Summary
This was the first chapter in our book, Data Science Projects with Python. Here, we made extensive use of pandas to load and explore the case study data. We learned how to check for basic consistency and correctness by using a combination of statistical summaries and visualizations. We answered such questions as "Are the unique account IDs truly unique?", "Is there any missing data that has been given a fill value?", and "Do the values of the features make sense given their definition?"
You may notice that we spent nearly all of this chapter identifying and correcting issues with our dataset. This is often the most time consuming stage of a data science project. While it is not always the most exciting part of the job, it gives you the raw materials necessary to build exciting models and insights. These will be the subjects of most of the rest of this book.
Mastery of software tools and mathematical concepts is what allows you execute data science projects, at a technical level. However, managing your relationships with clients, who are relying on your services to generate insights from their data, is just as important to a successful project. You must make as much use as you can of your business partner's understanding of the data. They are likely going to be more familiar with it than you, unless you are already a subject matter expert on the data for the project you are completing. However, even in that case, your first step should be a thorough and critical review of the data you are using.

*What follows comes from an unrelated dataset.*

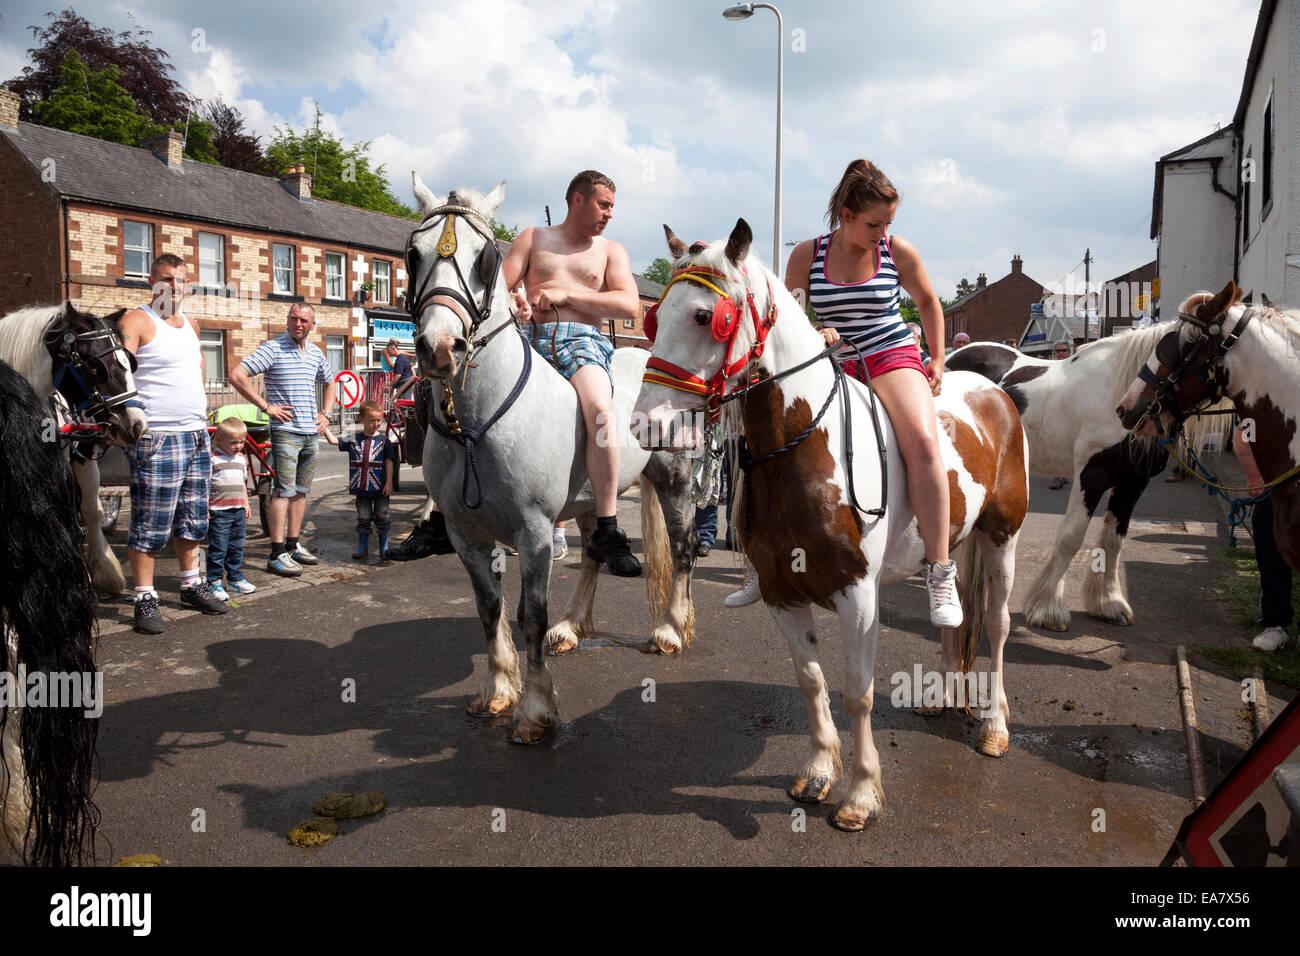 The Appleby Horse Fair, Appleby-In-Westmorland, Cumbria, England, U.K. - Stock Image

In our data exploration, we discovered an issue that could have undermined our project: the data we had received was not internally consistent. Most of the months of the payment status features were plagued by a data reporting issue, included nonsensical values, and were not representative of the most recent month of data, or the data that would be available to the model going forward. We only uncovered this issue by taking a careful look at all of the features. While this is not always possible in different projects, especially when there is a very large number of features, you should always take the time to spot check as many features as you can. If you can't examine every feature, it's useful to check a few of every category of feature (if the features fall into categories, such as financial or demographic).

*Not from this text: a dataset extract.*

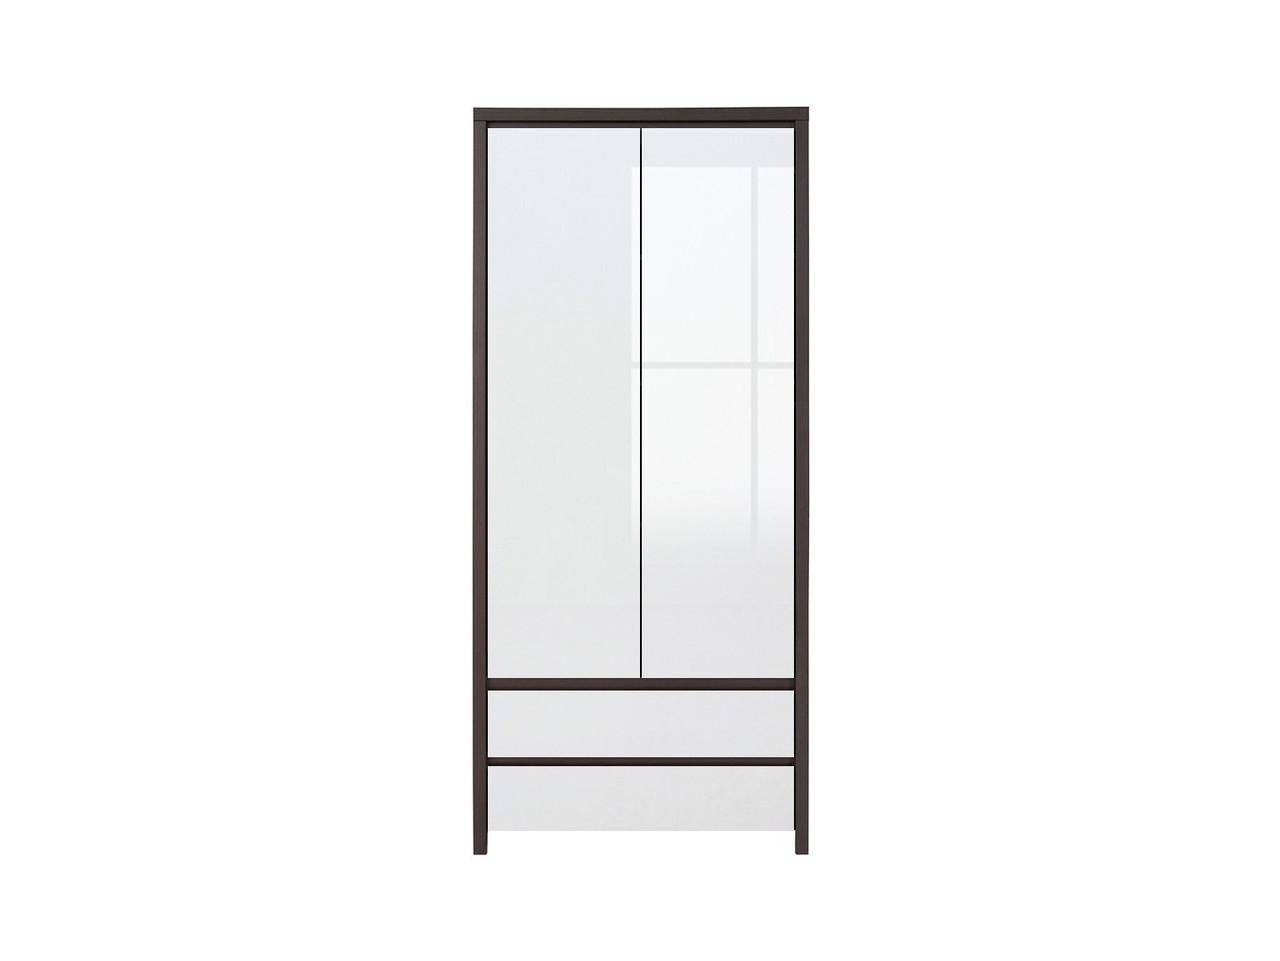 Шкаф Kaspian 90х200,5 см

When discussing data issues like this with your client, make sure you are respectful and professional. The client may simply have forgotten about the issue when presenting you with the data. Or, they may have known about it but assumed it wouldn't affect your analysis for some reason. In any case, you are doing them an essential service by bringing it to their attention and explaining why it would be a problem to use flawed data to build a model. You should back up your claims with results if possible, showing that using the incorrect data either leads to decreased, or unchanged, model performance. Or, alternatively, you could explain that if only a different kind of data would be available in the future, compared to what's available now for training a model, the model built now will not be useful. Be as specific as you can, presenting the kinds of graphs and tables that we used to discover the data issue here.
In the next chapter, we will examine the response variable for our case study problem, which completes the initial data exploration. Then we will start to get some hands-on experience with machine learning models and learn how we can decide whether a model is useful or not.